Regarding concerns for the Hygia study in the Scientific community, the European Heart Journal investigated the content and conduct of the study and declared that there was no ground for an ethical or factual concern [33]. However, the European Society of Cardiology stated that they could not verify source data and recommended that the director of the Universidade de Vigo should perform such an investigation [8]. Due to uncertainties of the clinical evidence, the International Society of Hypertension recently published a consensus document that did not endorse the use of bedtime dosing of antihypertensive medications [9].

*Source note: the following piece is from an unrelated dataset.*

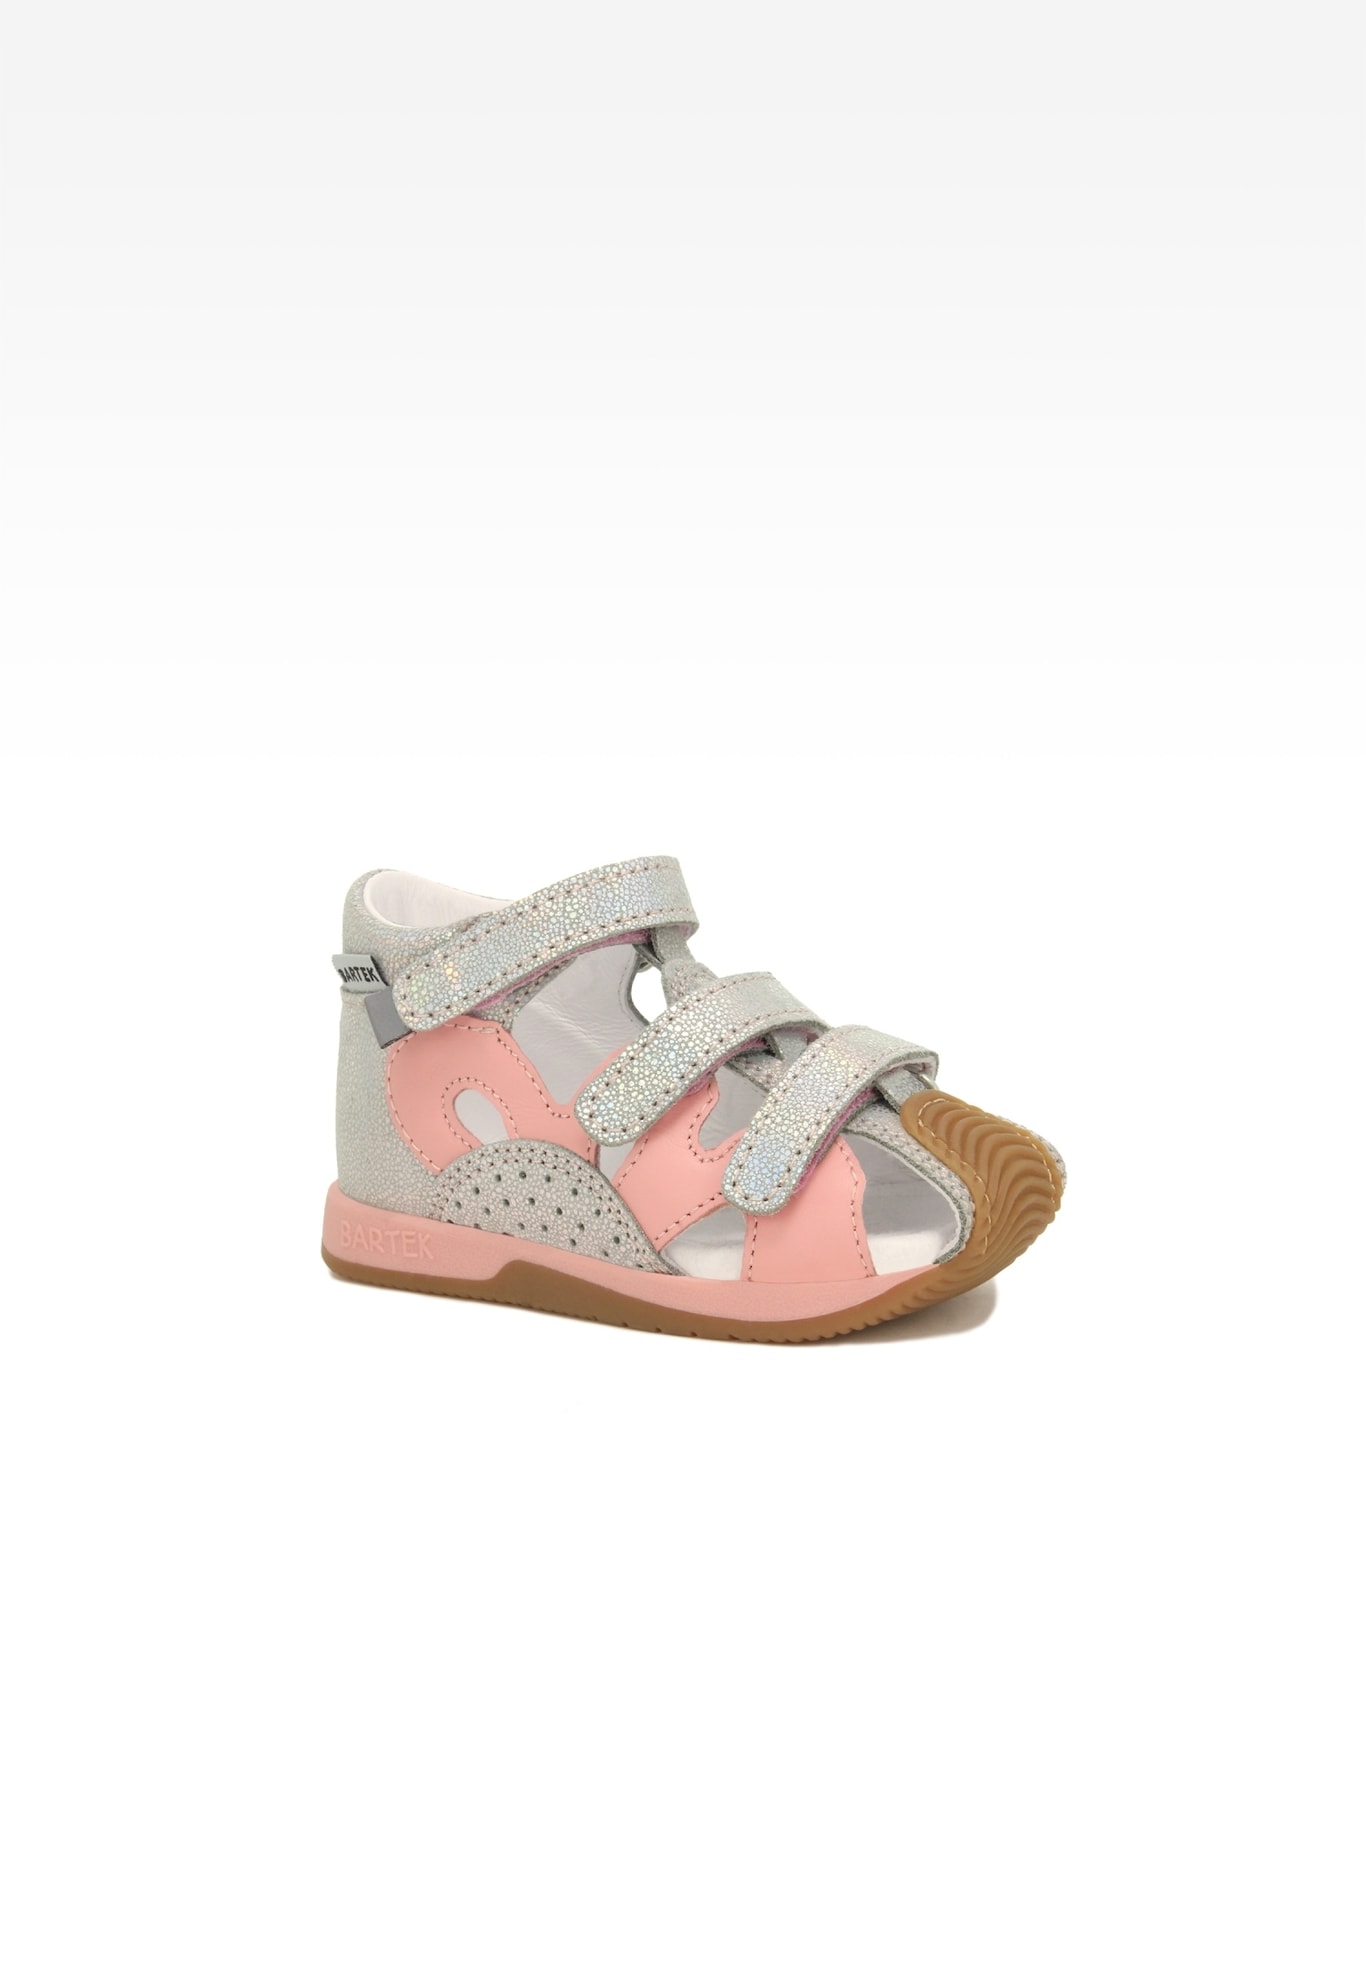 Sandały BARTEK 81021-006, dla dziewcząt, różowo-srebrny

The latest study to cast more doubt on the efficacy of bedtime dosing in reducing cardiovascular events is the TIME study. The TIME study was a prospective, pragmatic trial that randomized 21,104 hypertensive subjects (mean age: 65.1 years) of mainly white ethnicity to take their antihypertensive medications either in the morning (6–10 AM) or in the evening (8PM to 12 AM). With a median follow-up of 5.2 years, there was no significant difference in the unadjusted hazard ratio for the primary endpoint [HR: 0.95, 95% CI(0.83–1.10), P = 0.53] defined as a composite of cardiovascular mortality, non-fatal myocardial infarction, and non-fatal stroke between the two groups. There was no significant difference in secondary cardiovascular endpoint either. Another interesting finding was that the bedtime dosing group reported higher non adherence rate compared to the morning dosing group (39.0% vs. 22.5%, P < 0.0001). In a subgroup analysis of 7657 subjects who submitted at least one set of home BP measurements, the bedtime dosing group was associated with a significantly lower mean morning SBP (1.8 mmHg, P < 0.0001) but a higher evening blood pressure (1.1 mmHg, P < 0.0001) [12]. These results suggest that there is a minor but significant benefit of evening dosing in reducing morning BP, with a trade-off of slightly less reduction of evening BP.

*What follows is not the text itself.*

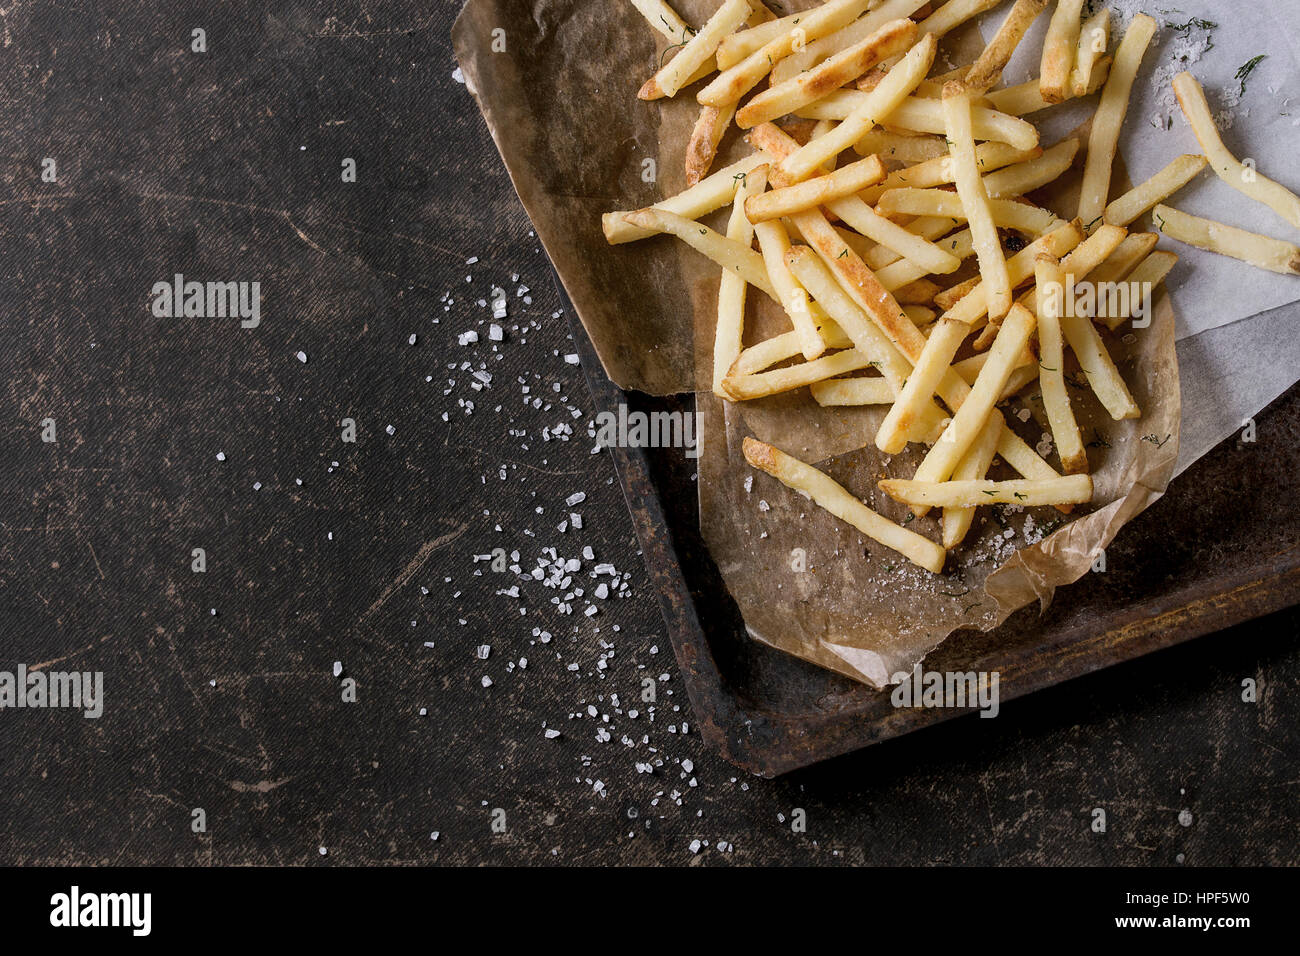 Fast-Food-Pommes frites-Kartoffeln mit Haut mit Salz und Kräutern auf Backpapier auf alten rostigen Backblech über dunkle Textur Hintergrund serviert. Draufsicht, sp Stockfoto

With the aforementioned issues of the Hygia study and the negative results from the TIME study, it is unclear at this time whether evening dosing is beneficial in reducing cardiovascular outcomes. Another ongoing prospective randomized study, the Bedtime versus morning use of antihypertensives for cardiovascular risk reduction (BedMed), will shed further light on this issue [34]. Against these backdrops, the KSH issued the following statements with regard to chronotherapy in hypertension.

Conclusions

Statements from the Korean society of hypertension on chronotherapy for treating hypertension

  1. 1.

    Based on current evidence at hand, there is no evidence that routine administration of antihypertensive medications in the evening/bedtime is associated with better control of nocturnal blood pressure and early morning blood pressure. Therefore, routine administration of antihypertensive medications in the evening/bedtime is not recommended.

  2. 2.

    To control nocturnal BP and early morning BP, prescribing once daily, long-acting antihypertensive medications in the morning is recommended. However, bedtime dosing has been shown to reduce nocturnal BP in subjects with high prevalence of nocturnal hypertension/non dipping such as DM, CKD, and OSA. Therefore, for cases with nocturnal hypertension resistant to long-acting medications administered in the morning, evening dosing of one or more of the medications might be considered.

  3. 3.

    The evidence that evening dosing reduces cardiovascular events is not clear at this time. Until there are more evidence to support evening dosing, the KSH does not recommend evening dosing in hypertensive patients for the purpose of reducing cardiovascular events.

Future perspective

Currently there is no definite evidence to show that routine bedtime dosing can reduce cardiovascular outcome in hypertension. Studies that show possible efficacy of chronotherapy in reducing cardiovascular events in patients with nocturnal hypertension and/or non-dipping nocturnal BP are needed in the future.